Le plus grand tirage israélien, Yediot Aharonot, publie un éditorial dans son supplément sportif sous le titre: "Fernandez, dehors mais pas tout de suite". "Un bon entraîneur doit pouvoir trouver des solutions à tous les problèmes mais pour ça, il doit savoir travailler, or Fernandez ne sait pas travailler", accuse l'éditorialiste du tabloïde.
"Les joueurs ne savent pas ce que Fernandez attend d'eux, car lui même ne sait pas ce qu'il veut", poursuit-il, en reconnaissant cependant que la véritable raison des mauvais résultats de l'équipe nationale vient du piètre niveau des joueurs et du manque de stratégie de la Fédération israélienne.
"Quel que soit l'entraîneur, quels que soient les joueurs sur le terrain, les résultats sont toujours les mêmes, rien ne change", renchérit, désabusé, le Haaretz, qui donne la parole au gardien Doudou Aouat, seul membre de l'équipe à s'exprimer depuis la défaite face aux Croates et qui défend le sélectionneur. "J'ai honte de lire ce que la presse écrit sur Fernandez. C'est un grand professionnel. Les critiques sont vulgaires et disproportionnées par rapport à son travail", affirme le portier de Majorque.
Note du blog horizons :
La sélection israélienne a été mal organisée, d’après Eyal Berkovitz, l’un des meilleurs playmakers d’Israël, aujourd’hui entraineur et commentateur à la TV israélienne.
Le match a commencé sous le système 4-4-2. Par la suite, alors que la sélection israélienne prenant l’incitative a repoussé les Croates sous plusieurs offensives consécutives, dans leur plate-bande, Luis a changé le style de jeu à 3-4-3, ce qui a affaiblit l’arrière et le milieu, les trois attaquants ne recevant plus de passes.
L’offensive est alors passée à la Croatie, une équipe peu brillante qui a remercié Luis pour son nouveau style de jeu. Sans oublier de bénir le juge pour leur avoir accordé un pénalty et annulé une autre au profit d’Israël.
Le jeu embrouillé des israéliens est du aux changements proposés par Fernandez, à ses hésitations, et pour ne pas avoir placé les joueurs dans les fonctions habituellement pratiquées ; les arrières se sont retrouvés avant-centre et ceux du milieu sont devenus ailiers droit ou gauche.

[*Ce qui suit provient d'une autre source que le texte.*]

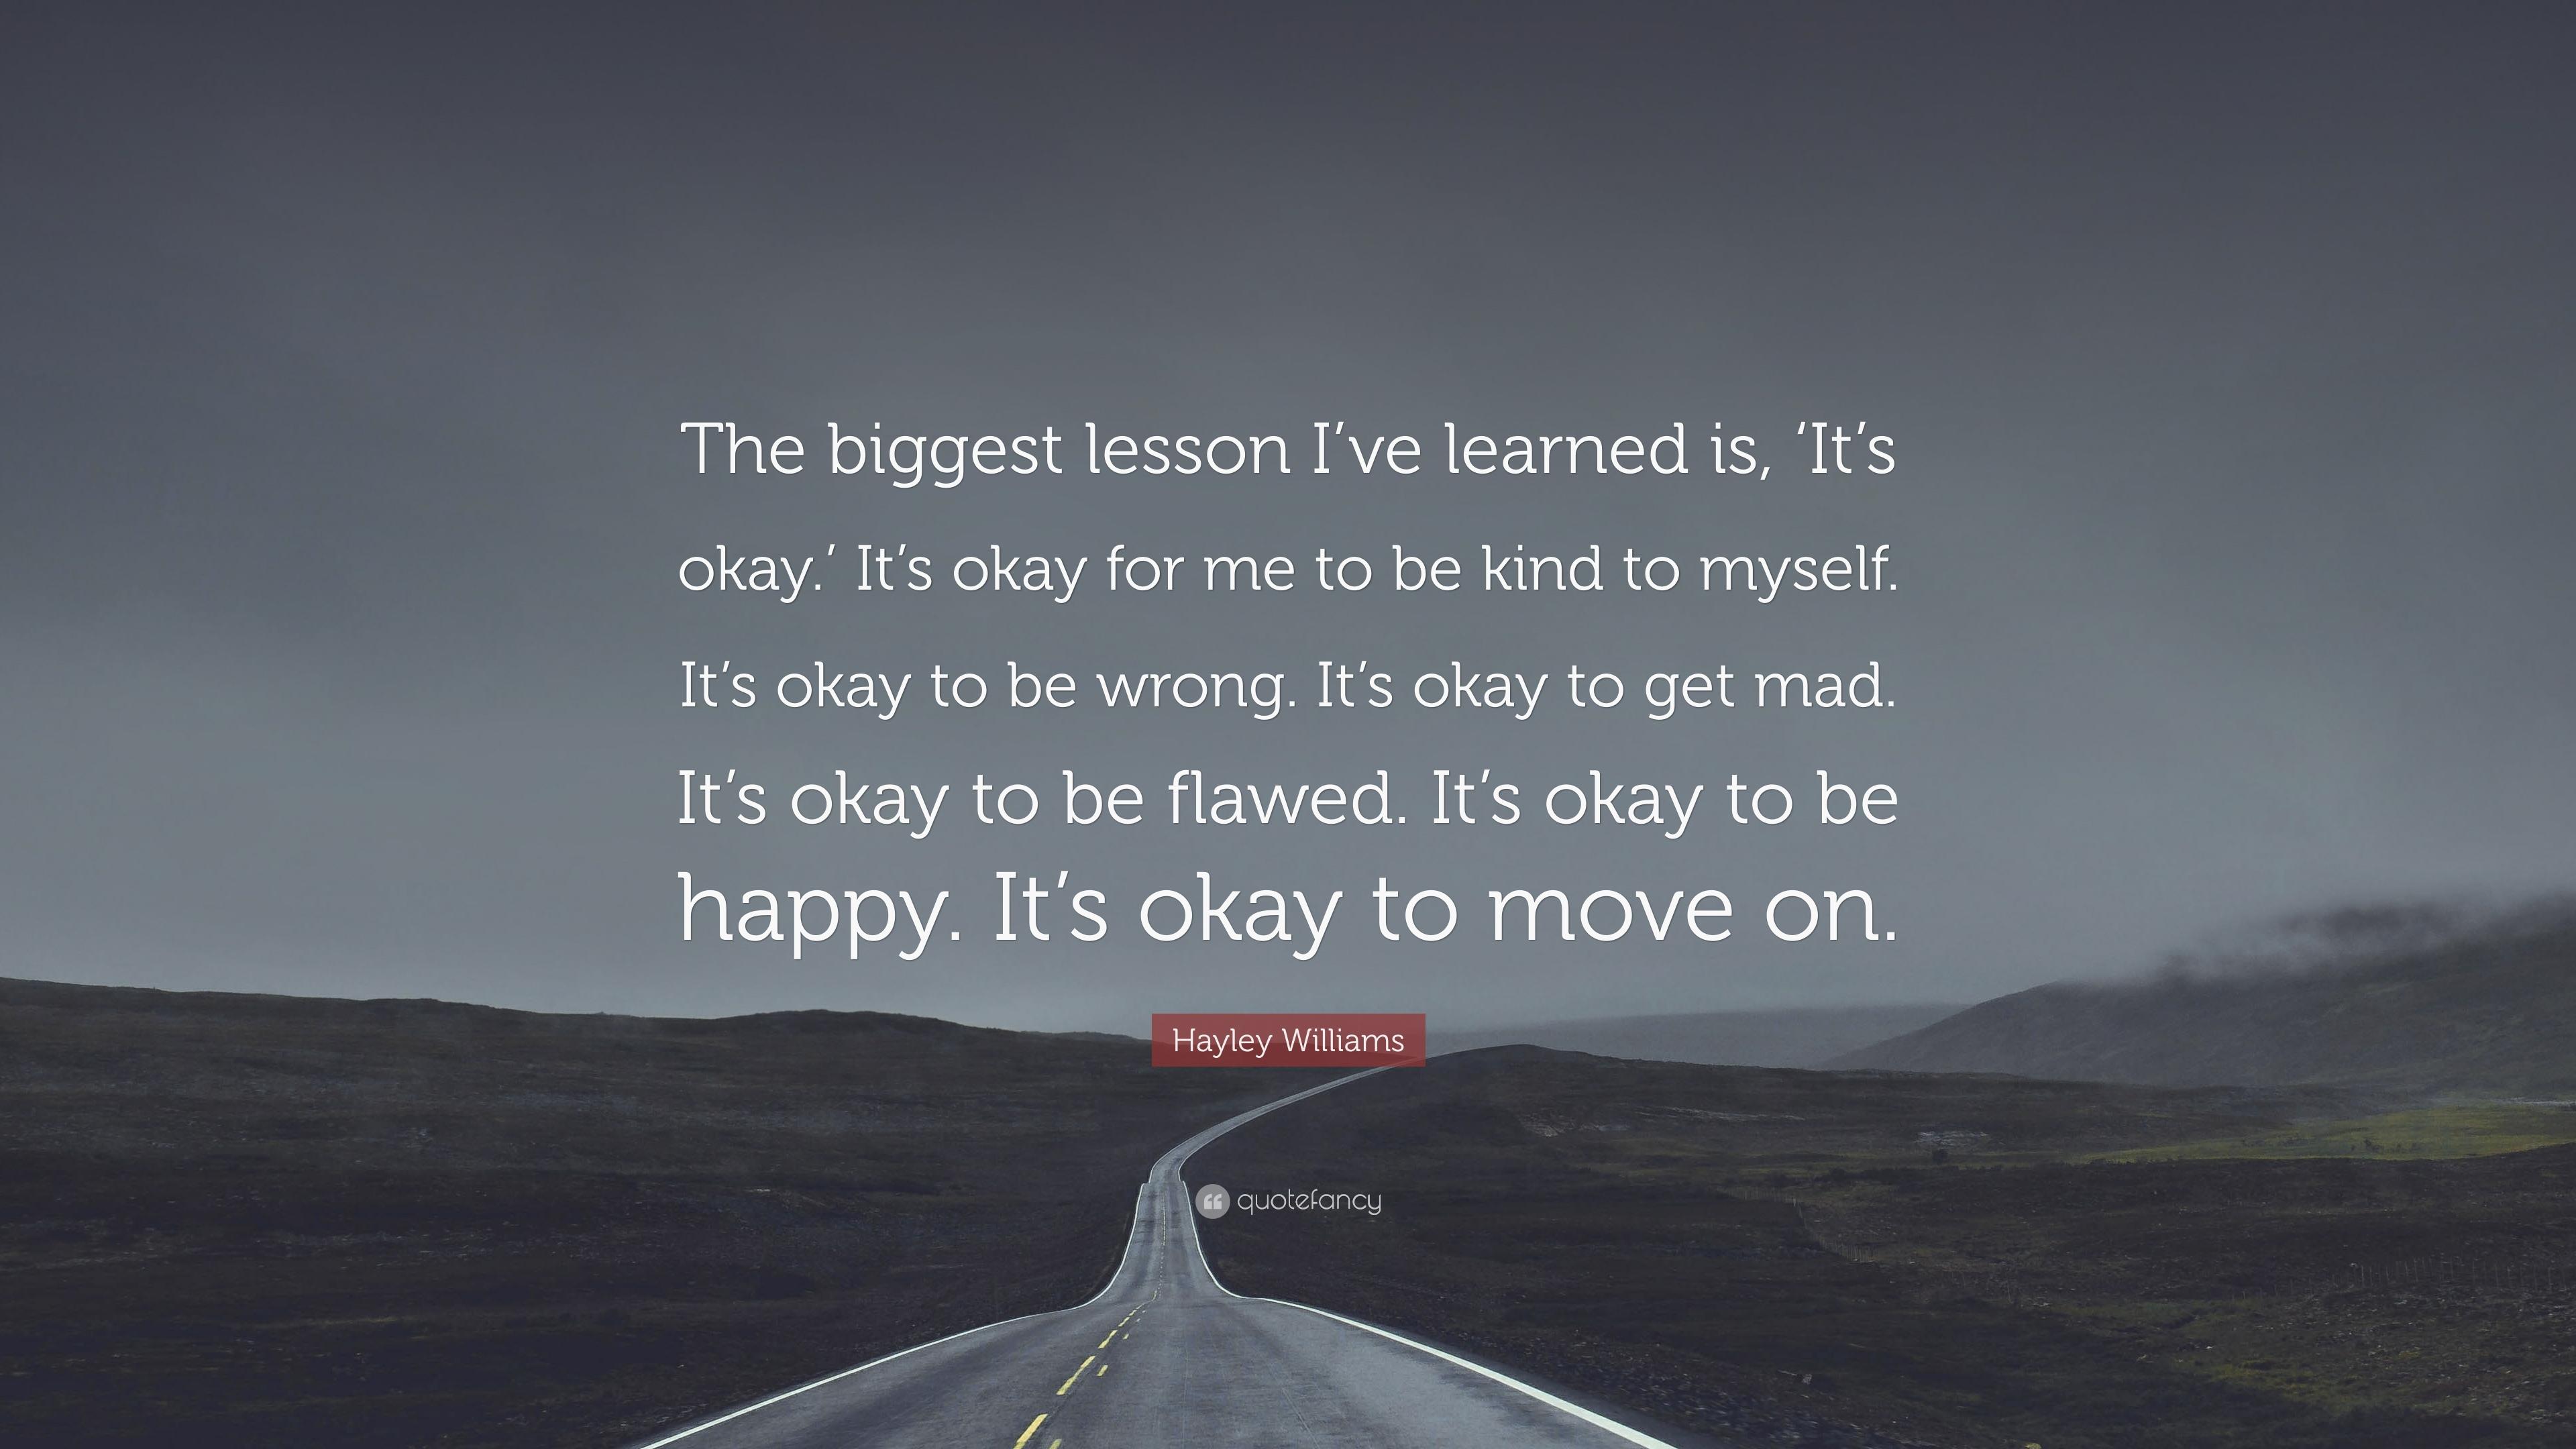 Het is oké

Luis a préféré des joueurs moins expérimentés.
Lorsqu’il a décidé de faire participer Raphaélov et Golazza 15 minutes avant la fin du jeu, Israël a recommencé à faire pression sur la Croatie, mais c’était un peu tardivement fait.
La blessure du Capitaine Yossi Benayoun (Chelsea) et son absence a été bien ressentie. Yossi très charismatique sait encourager les joueurs et organiser le jeu selon son développement. Sa virtuosité a bien de fois entrainé le score du jeu.